Living in London, I am exposed daily to a huge amount of coffee-based snobbery. Where you get your coffee says as much about you in London as your postcode, or car, or the label in the back of your jacket. I am told by coffee enthusiasts that by dropping into Starbucks every now and again, I am missing out on a true coffee experience. ‘How can you drink that stuff?’ is the incredulous cry from these coffee aficionados. ‘It tastes like shit; it’s not proper coffee.’ My view has always been that if someone has to grind some beans to make my latte (another coffee variation that gets a snort of derision) then it’s ‘proper’. But no, the coffee mafia would have me believe differently.

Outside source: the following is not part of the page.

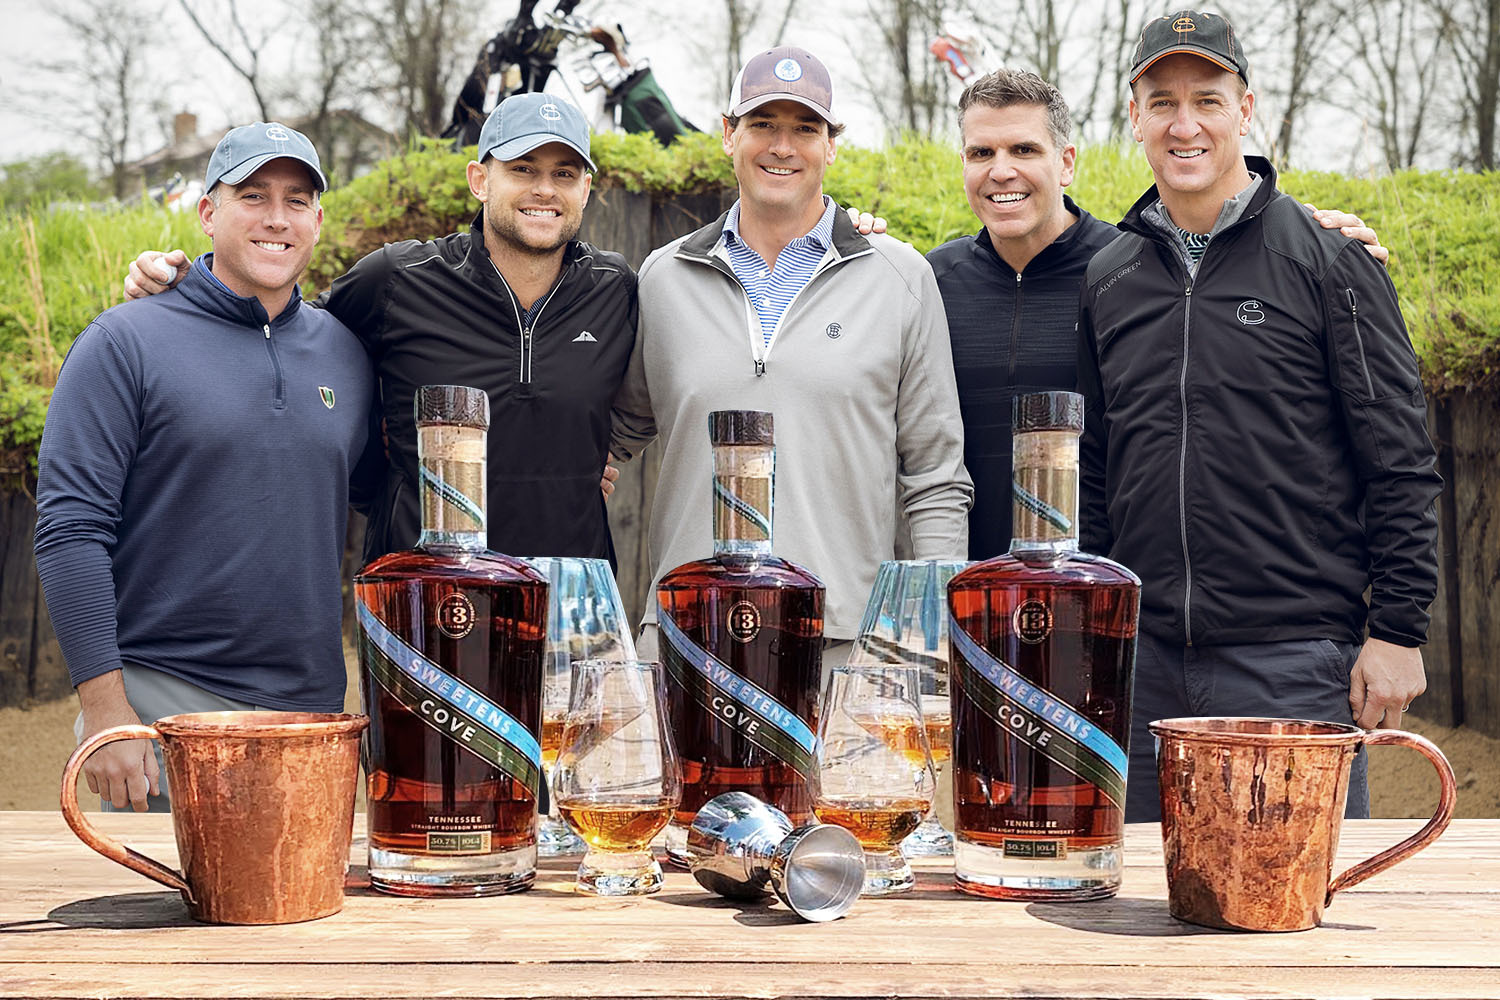 Peyton Manning and His Famous Friends Released a Bourbon - InsideHook

Proper coffee dens are on the increase in London. From Flat White to Monmouth to — oh I can’t even remember, there are hundreds — everybody is striving to be the next ultimate coffee champion. If you don’t drink coffee from one of these hallowed places, you’re not doing it right. There are whole books devoted to finding the perfect cup of coffee in London. Anyone who’s ever gripped an espresso cup seems to have an opinion on what coffee we should be drinking and how we should be drinking it.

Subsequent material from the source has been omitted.